- **Task requirements**
Set out word for word the line that contains "Winning Moves WM02282-EN1-6" and each line after it, through the end of the data below, but exclude the pictures.

- **Provided data**
BEGIN

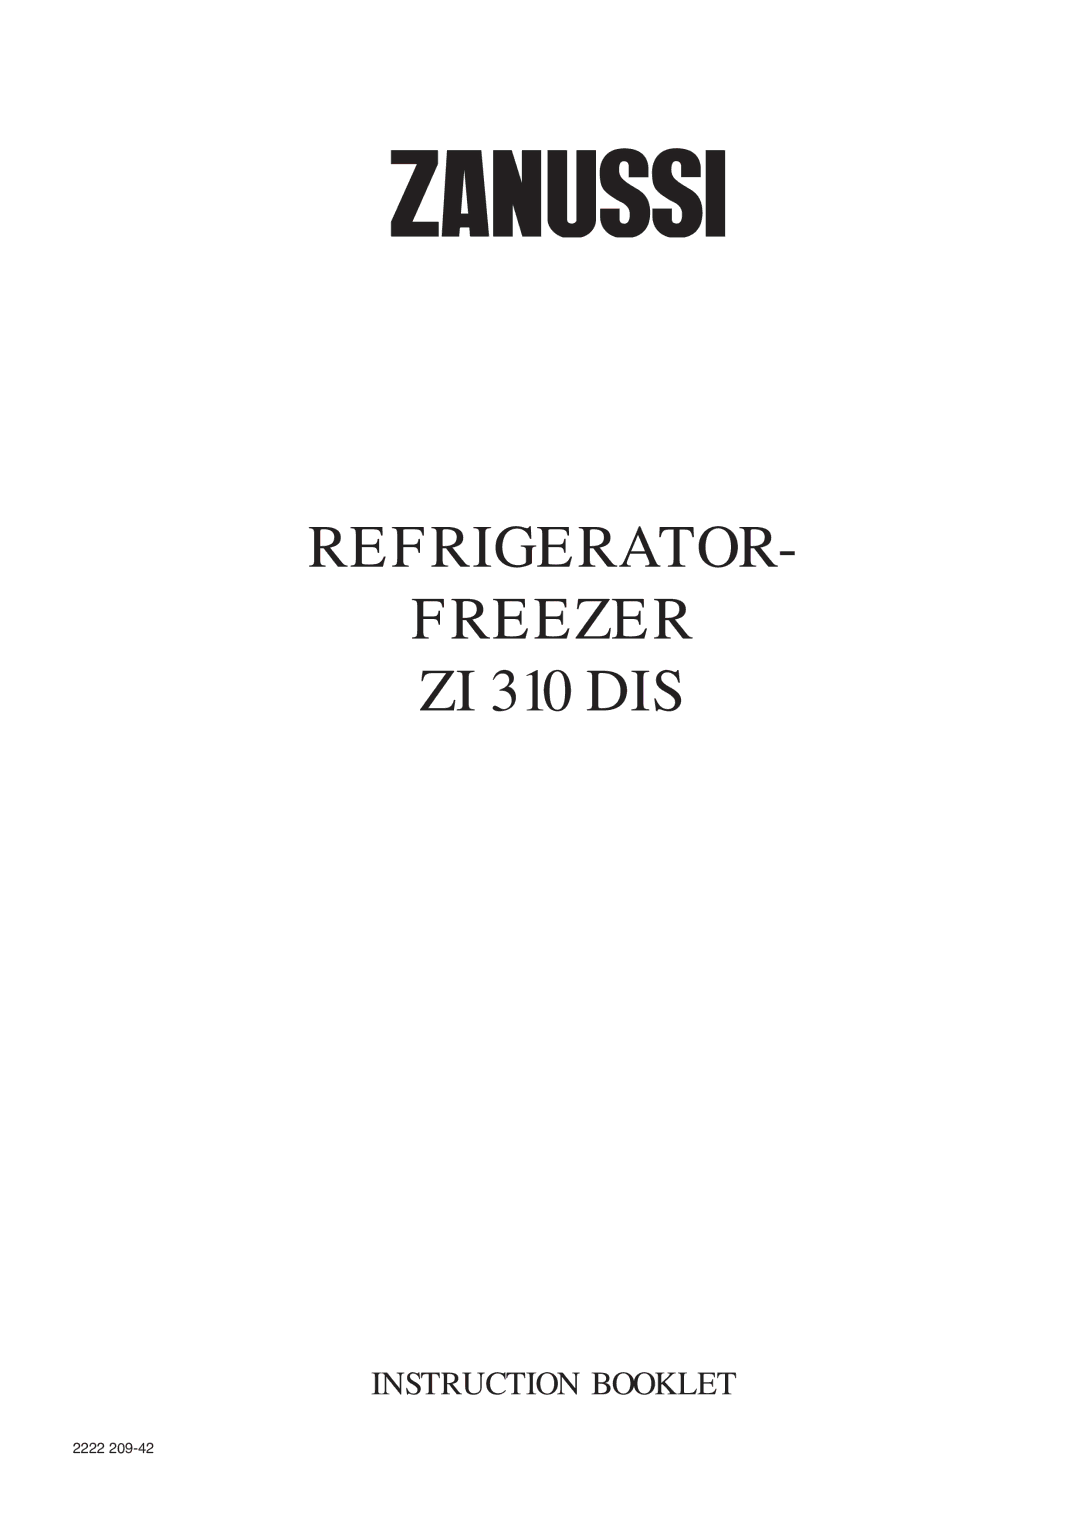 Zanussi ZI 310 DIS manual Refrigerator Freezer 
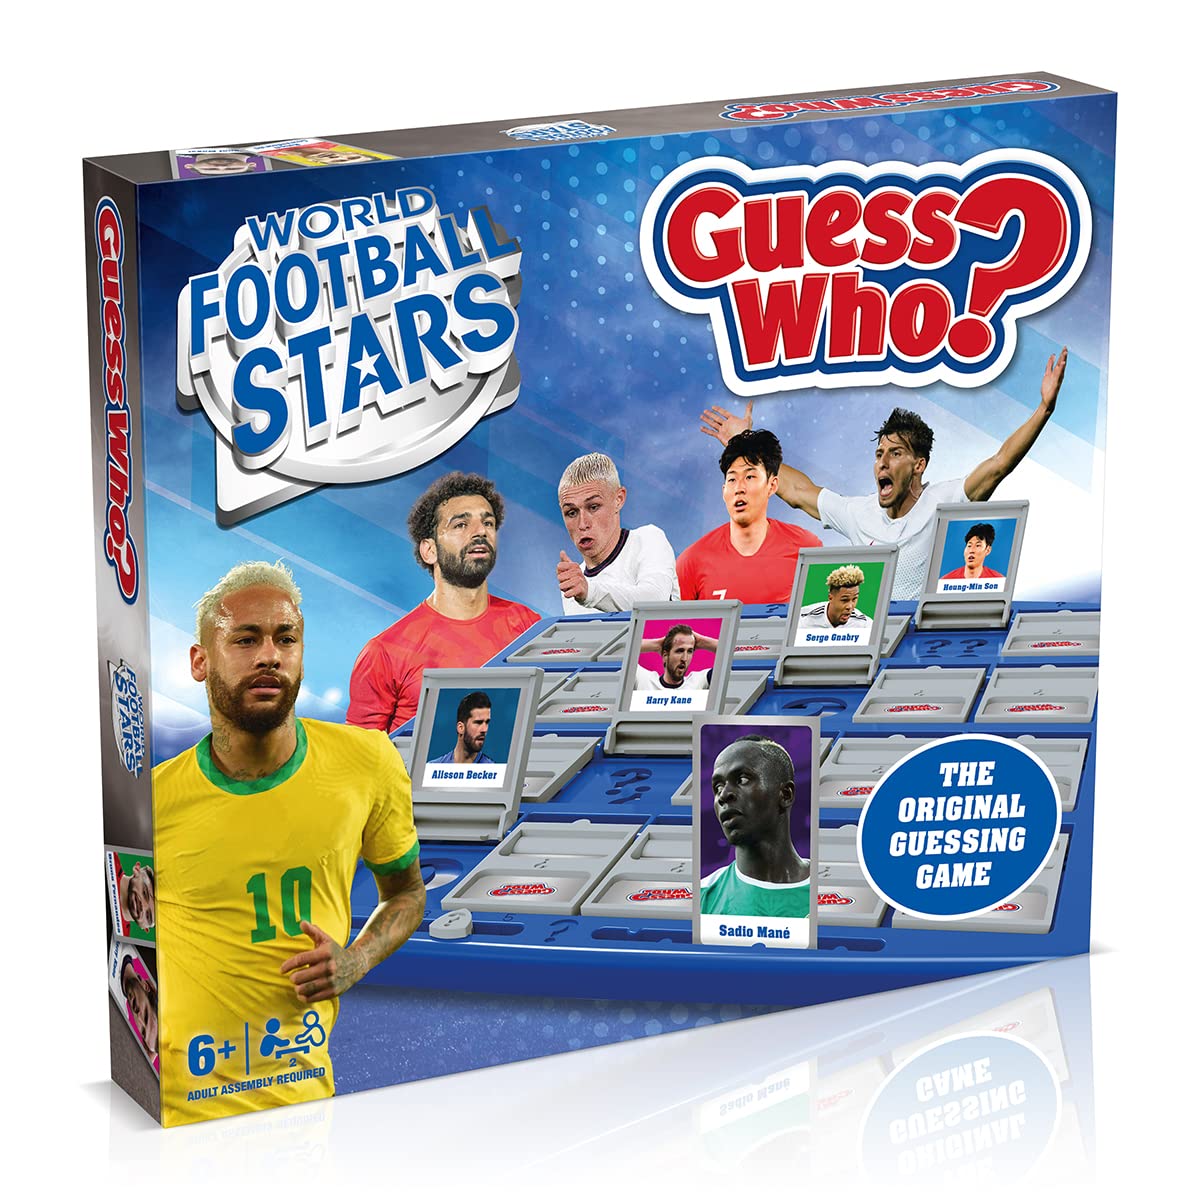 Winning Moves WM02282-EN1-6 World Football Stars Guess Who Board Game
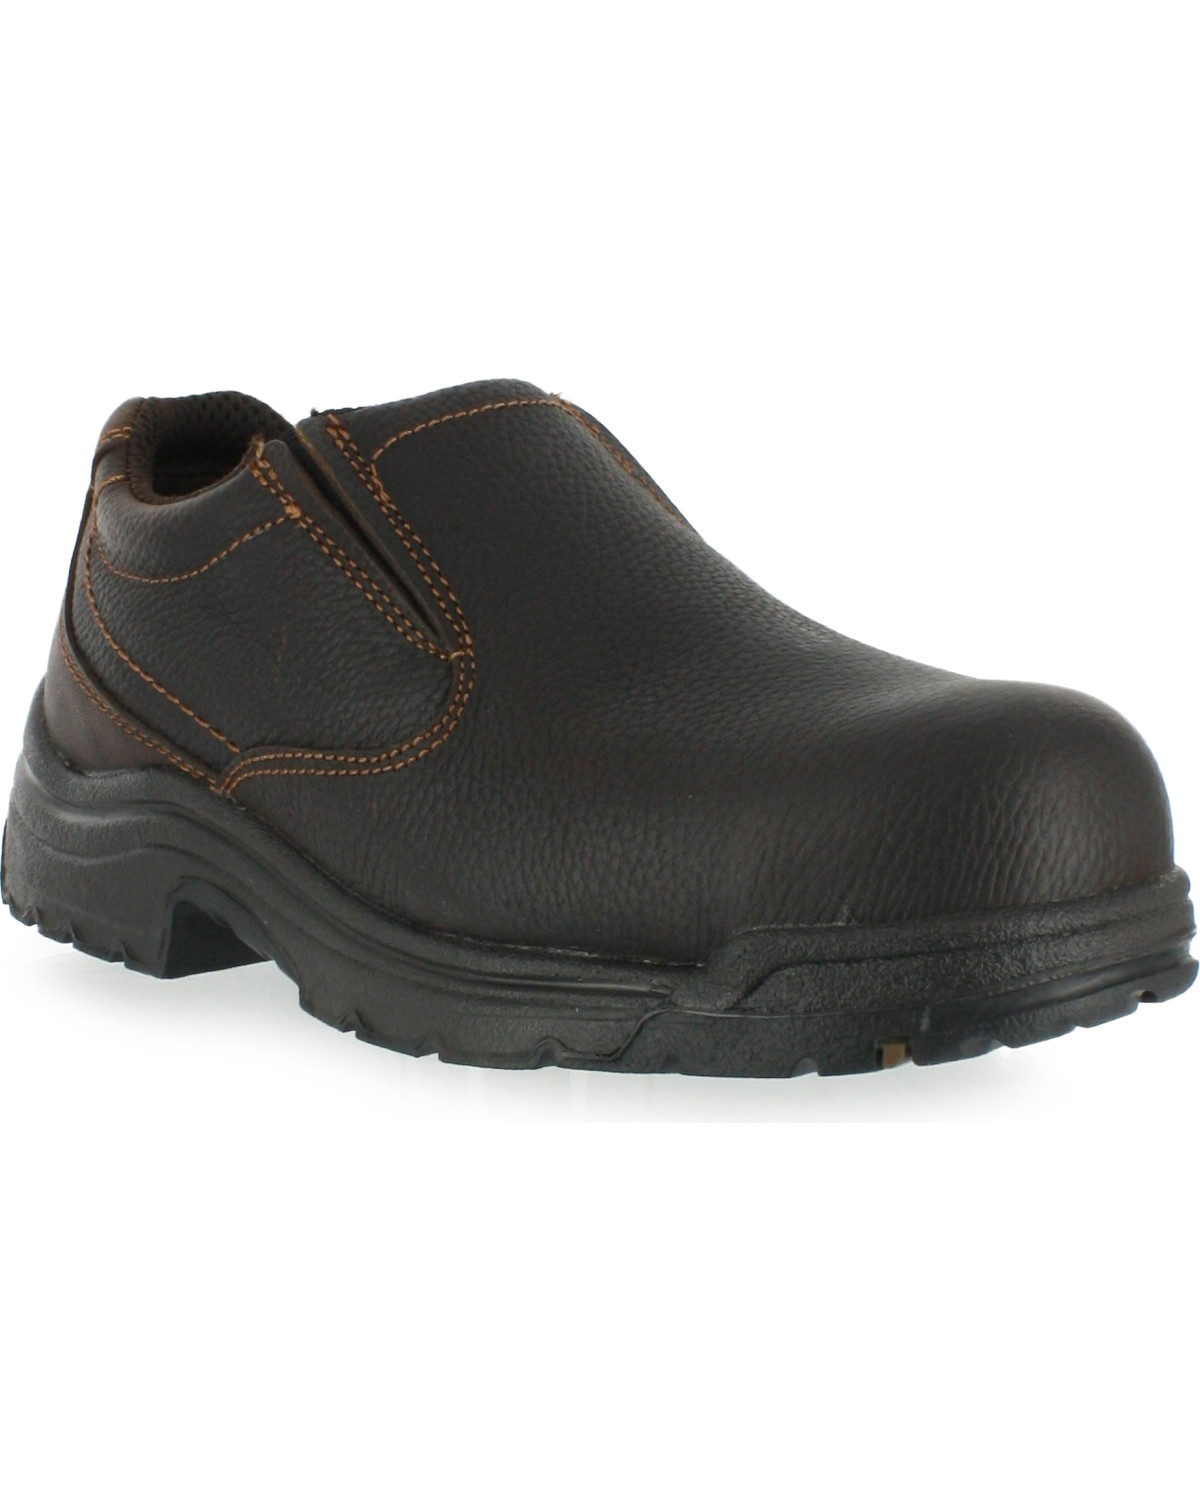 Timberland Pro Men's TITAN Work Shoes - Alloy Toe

END

- **Output for this task**
 Winning Moves WM02282-EN1-6 World Football Stars Guess Who Board Game
 Timberland Pro Men's TITAN Work Shoes - Alloy Toe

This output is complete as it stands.